Se nos segura e deixa que por aqui fiquemos mais ou menos tempo, no que o engenho do Homem, por baixo ou por cima dele, lhe foi acrescentando para que a espécie pudesse proliferar ou prosseguir uma escorregadia ideia de felicidade, é também o solo, que muito contribui para nos sustentar e permitir viver, um inestimável manancial produtor de alimentos.

Dirão com razão os especialistas que quando se artificializa o solo passamos a ter “chão”, “soalho”, “pavimento”, etc. Já na área do agroalimentar, os estudiosos da matéria afirmarão a propósito que há muito é possível fazer agricultura e pecuária sem solo. Sim, é verdade. Mas numa escala que jamais deixará de ser hiperlocalizada e infinitesimal, quando agora, diariamente, é necessário suprir alimentos a 7,2 milhões de pessoas e, em 2050, a 9,6 milhões de almas.

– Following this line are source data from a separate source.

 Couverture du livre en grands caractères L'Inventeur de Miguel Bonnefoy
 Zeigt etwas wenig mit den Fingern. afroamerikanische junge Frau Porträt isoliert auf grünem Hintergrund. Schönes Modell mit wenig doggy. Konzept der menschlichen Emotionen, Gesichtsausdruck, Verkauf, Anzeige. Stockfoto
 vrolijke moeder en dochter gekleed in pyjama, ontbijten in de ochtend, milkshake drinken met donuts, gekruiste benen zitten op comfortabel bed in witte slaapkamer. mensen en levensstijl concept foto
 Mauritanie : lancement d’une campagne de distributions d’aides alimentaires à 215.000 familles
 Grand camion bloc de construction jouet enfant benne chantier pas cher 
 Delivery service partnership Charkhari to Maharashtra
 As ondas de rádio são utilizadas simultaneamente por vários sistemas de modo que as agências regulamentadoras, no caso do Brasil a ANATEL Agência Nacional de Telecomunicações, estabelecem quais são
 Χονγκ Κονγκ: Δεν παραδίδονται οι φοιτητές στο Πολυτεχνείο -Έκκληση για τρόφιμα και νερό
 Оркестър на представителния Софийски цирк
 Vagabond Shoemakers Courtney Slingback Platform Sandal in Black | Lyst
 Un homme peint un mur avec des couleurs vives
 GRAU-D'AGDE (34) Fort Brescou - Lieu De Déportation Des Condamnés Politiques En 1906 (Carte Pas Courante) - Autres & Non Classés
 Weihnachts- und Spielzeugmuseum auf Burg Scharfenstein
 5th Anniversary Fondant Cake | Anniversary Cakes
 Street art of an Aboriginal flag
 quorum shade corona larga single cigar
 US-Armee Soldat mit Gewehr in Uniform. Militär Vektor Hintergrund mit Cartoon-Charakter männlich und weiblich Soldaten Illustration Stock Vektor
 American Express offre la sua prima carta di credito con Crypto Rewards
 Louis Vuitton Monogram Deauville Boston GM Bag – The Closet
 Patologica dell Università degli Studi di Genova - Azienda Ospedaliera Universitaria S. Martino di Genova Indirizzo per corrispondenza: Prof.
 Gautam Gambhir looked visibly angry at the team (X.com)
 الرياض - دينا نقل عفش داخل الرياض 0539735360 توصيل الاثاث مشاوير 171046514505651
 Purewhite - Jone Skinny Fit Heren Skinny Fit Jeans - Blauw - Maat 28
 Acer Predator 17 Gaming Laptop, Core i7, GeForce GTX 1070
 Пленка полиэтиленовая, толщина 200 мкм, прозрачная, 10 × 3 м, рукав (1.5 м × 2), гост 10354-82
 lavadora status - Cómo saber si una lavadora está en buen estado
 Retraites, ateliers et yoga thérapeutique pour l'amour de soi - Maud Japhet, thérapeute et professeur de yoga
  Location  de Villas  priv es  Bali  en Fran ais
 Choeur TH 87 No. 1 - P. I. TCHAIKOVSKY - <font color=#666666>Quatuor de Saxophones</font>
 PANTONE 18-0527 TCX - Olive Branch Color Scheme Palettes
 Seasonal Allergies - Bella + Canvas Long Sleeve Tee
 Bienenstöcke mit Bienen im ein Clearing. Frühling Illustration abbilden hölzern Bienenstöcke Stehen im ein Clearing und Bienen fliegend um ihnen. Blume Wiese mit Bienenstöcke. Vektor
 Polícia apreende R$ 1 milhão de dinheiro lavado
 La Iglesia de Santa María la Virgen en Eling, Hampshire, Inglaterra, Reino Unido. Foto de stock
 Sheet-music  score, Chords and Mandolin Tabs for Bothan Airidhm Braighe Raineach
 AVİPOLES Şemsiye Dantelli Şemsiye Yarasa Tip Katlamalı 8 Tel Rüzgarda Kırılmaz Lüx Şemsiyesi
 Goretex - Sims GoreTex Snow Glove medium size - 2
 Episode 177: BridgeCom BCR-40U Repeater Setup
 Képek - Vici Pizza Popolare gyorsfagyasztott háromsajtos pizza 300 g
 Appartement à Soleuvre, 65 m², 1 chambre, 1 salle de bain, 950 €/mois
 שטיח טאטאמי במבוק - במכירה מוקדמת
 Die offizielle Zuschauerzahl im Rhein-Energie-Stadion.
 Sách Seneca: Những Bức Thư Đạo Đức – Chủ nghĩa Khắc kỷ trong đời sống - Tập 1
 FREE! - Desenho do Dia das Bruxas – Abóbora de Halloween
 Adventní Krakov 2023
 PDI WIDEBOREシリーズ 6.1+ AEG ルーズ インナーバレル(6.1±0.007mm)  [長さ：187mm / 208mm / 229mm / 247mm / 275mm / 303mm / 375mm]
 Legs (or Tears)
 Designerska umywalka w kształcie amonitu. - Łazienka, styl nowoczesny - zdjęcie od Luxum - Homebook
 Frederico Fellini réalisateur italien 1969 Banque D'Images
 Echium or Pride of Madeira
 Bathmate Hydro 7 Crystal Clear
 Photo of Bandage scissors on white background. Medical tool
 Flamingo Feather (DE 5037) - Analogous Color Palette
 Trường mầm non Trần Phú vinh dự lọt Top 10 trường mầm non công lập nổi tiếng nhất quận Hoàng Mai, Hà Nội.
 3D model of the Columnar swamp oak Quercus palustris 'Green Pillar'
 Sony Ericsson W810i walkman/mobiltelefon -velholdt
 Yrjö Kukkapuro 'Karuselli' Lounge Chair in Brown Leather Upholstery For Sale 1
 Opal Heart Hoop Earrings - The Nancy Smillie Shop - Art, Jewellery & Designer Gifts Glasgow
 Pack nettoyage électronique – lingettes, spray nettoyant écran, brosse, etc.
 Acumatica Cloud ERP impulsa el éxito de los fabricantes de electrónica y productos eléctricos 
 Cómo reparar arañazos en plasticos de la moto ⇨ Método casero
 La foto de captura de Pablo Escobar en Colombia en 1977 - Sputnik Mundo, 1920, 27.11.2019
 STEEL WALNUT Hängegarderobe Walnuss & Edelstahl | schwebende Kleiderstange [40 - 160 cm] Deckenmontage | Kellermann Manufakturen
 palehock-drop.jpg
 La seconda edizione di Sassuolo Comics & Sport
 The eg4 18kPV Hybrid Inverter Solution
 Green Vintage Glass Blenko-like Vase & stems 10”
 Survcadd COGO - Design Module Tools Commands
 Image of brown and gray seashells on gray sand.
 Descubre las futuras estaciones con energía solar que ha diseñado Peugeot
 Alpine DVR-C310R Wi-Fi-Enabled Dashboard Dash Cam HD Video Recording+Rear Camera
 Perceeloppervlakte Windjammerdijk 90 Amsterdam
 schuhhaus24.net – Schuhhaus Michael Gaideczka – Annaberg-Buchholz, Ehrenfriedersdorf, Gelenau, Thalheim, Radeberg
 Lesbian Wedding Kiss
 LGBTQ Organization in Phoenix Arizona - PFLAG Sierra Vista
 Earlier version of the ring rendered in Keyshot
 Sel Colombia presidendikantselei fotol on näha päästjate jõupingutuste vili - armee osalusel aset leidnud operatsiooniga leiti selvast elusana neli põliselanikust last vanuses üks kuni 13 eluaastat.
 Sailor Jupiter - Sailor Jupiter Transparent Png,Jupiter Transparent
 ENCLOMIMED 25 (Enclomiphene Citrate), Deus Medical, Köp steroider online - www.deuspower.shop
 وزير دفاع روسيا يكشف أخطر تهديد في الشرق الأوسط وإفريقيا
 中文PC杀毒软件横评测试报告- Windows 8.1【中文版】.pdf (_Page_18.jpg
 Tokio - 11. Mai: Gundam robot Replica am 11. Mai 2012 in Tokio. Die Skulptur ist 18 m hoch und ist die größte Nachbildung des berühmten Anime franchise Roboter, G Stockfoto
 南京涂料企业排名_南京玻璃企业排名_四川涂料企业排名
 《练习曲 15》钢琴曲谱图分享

Quando se considera a agricultura da Ilha da Madeira, ter-se-á de falar, em primeiro lugar, da disponibilidade de solos cultiváveis.

Cerca de 25% do território da Ilha situa-se acima dos 1 000 metros de altitude e 47% está além da cota dos 700 metros. Por outro lado, 65,4% da sua área apresenta declives superiores a 25% e apenas uma área diminuta (8 500 hectares) apresenta declives inferiores a 16%, espaço no qual se desenvolveram os centros urbanos e que inclui igualmente as áreas planálticas de grande altitude, onde a prática agrícola é impossível. Tais características geomorfológicas muito particulares remeteram então a agricultura para faixas do território com declives médios entre os 16 e os 25%.

 

Não é por isso de estranhar que desde o povoamento da Ilha da Madeira o trabalho do agricultor madeirense na procura de terrenos aráveis tenha constituído uma verdadeira epopeia, como bem expressa o Padre Eduardo C. N. Pereira nas emblemáticas “Ilhas de Zargo” (1939): «Foram conquistados palmo a palmo, num labor insano durante mais de 5 séculos: primeiro desbravando a selva à força de fogo, depois de braço reduzindo o declive precipitado das encostas. O homem subiu de picareta na mão, quase de joelhos, todas as vertentes, a lutar a ferro e fogo com as rochas, desbastando acidentes e arrumando pedras soltas em socalcos para deles fazer searas e jardins (...)».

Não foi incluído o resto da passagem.